The current study provides a series of discriminant functions for sex estimation based on measurements taken from CT scans of the mandibles. Each function was constructed based on a different state of completeness of the mandible. Our study shows a high rate of success discrimination for complete (90.8%) and partially preserved (half) mandibles (85.6%). Successful classification rates of previous methods using different features of the mandibles vary from 59 to 94% [14, 18, 20, 22, 24, 30]. The only study where a successful classification rate greater than ours (94.2%) was reported by Loth and Henneberg [23], who relied on mandibular ramus flexure. However, researchers who tested their method found much lower accuracy rates (66–85.8%) [24, 25, 39]. Additionally, geometric morphometric analysis of the ramus flexure [16] showed that the accuracy of sex estimation using this feature is low and that it has better classification characteristics for males than for females. Considering the rate of sexual dimorphism in mandible features (Table 3), it is clear that discrimination between the sexes based on a single trait is problematic.

The predictive rates of previous studies are lower than ours for two main reasons: (1) variables for sex estimation were either arbitrarily selected or were statistically taken from a small number of measurements and (2) various size and shape characteristics of the mandible could not be utilized by the traditional measuring tools (e.g., CSA and bone thickness).
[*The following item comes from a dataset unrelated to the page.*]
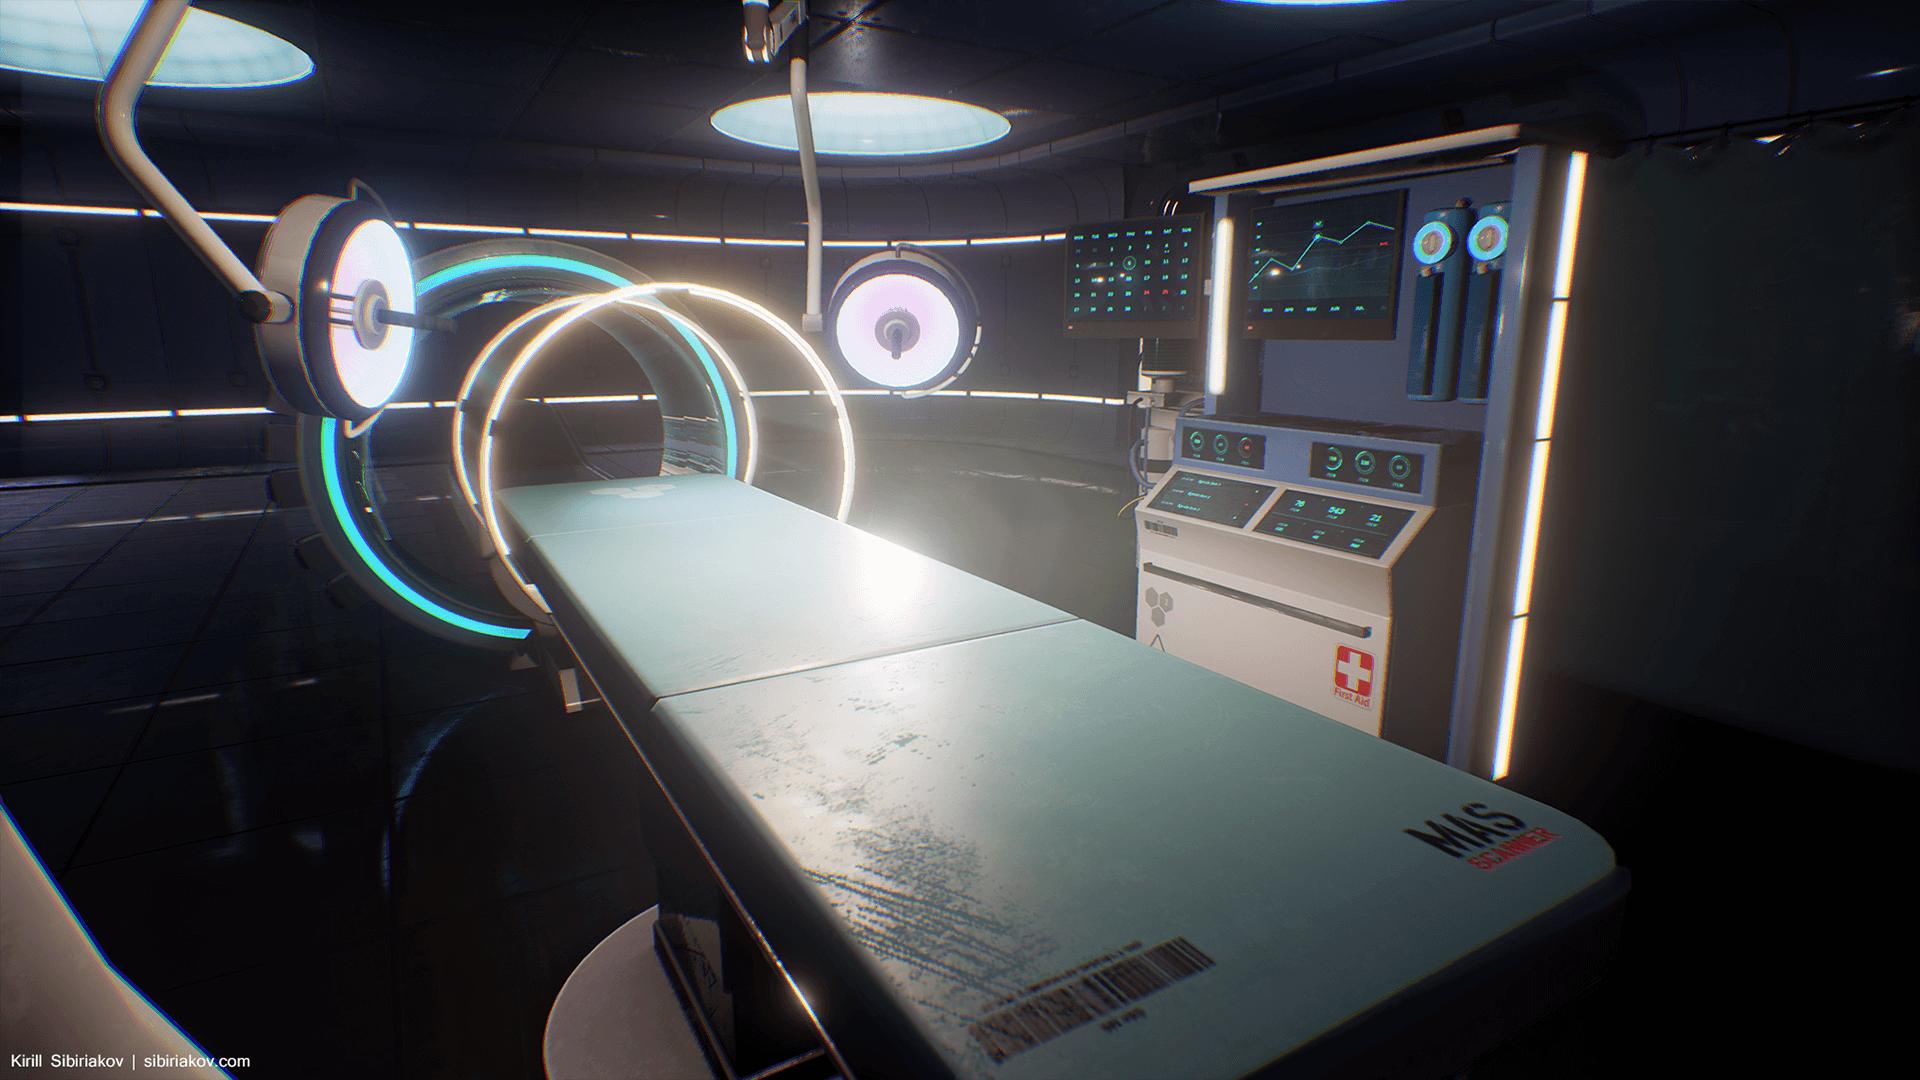 Sci Fi Hospital Room : Modular sci fi hospital by kirill sibiriakov in

Our method exhibits several major advantages over previous methods. First, the suggested method enables forensic anthropologists to change from descriptive evaluations (e.g., the robusticity rate, the gonial eversion magnitude) to numeric ones. Second, measurements included in the discriminant equations for sex estimation were taken from a large pool of mandibular measurements, tested statistically for their discrimination power. Third, it enables access to morphological features (e.g., CSA of the mandibular body) not possible by traditional measuring tools (e.g., caliper). Fourth, it provides clear knowledge on the success rates for males and females from a heterogeneous population that has undergone cross-validation. Fifth, it is more adequate for forensic needs because it covers different states of completeness of the mandible.

Limitations of the study

The discriminant functions were developed based on a given population. Although the study population is heterogeneous, the equations should be tested on other populations as well. Although the presented functions can be applied to mandibles of all ages, their applications for elderly individuals should be carried out carefully to ensure that they meet the inclusion criteria (e.g., intact incisors, the presence of molars or premolars at the measured location).

Conclusions

A simple, reliable, and valid method is suggested for forensic scientists for estimating sex, using CT scans of mandibles retrieved from a modern western industrial society. Five discriminant functions, based on mandibular measurements, were constructed to cover various conditions of completeness of the mandible. The greater the completeness of the mandible is, the higher the rate of success discrimination (up to 90.8%) will be. This method is not age dependent and has specific inclusion and exclusion criteria.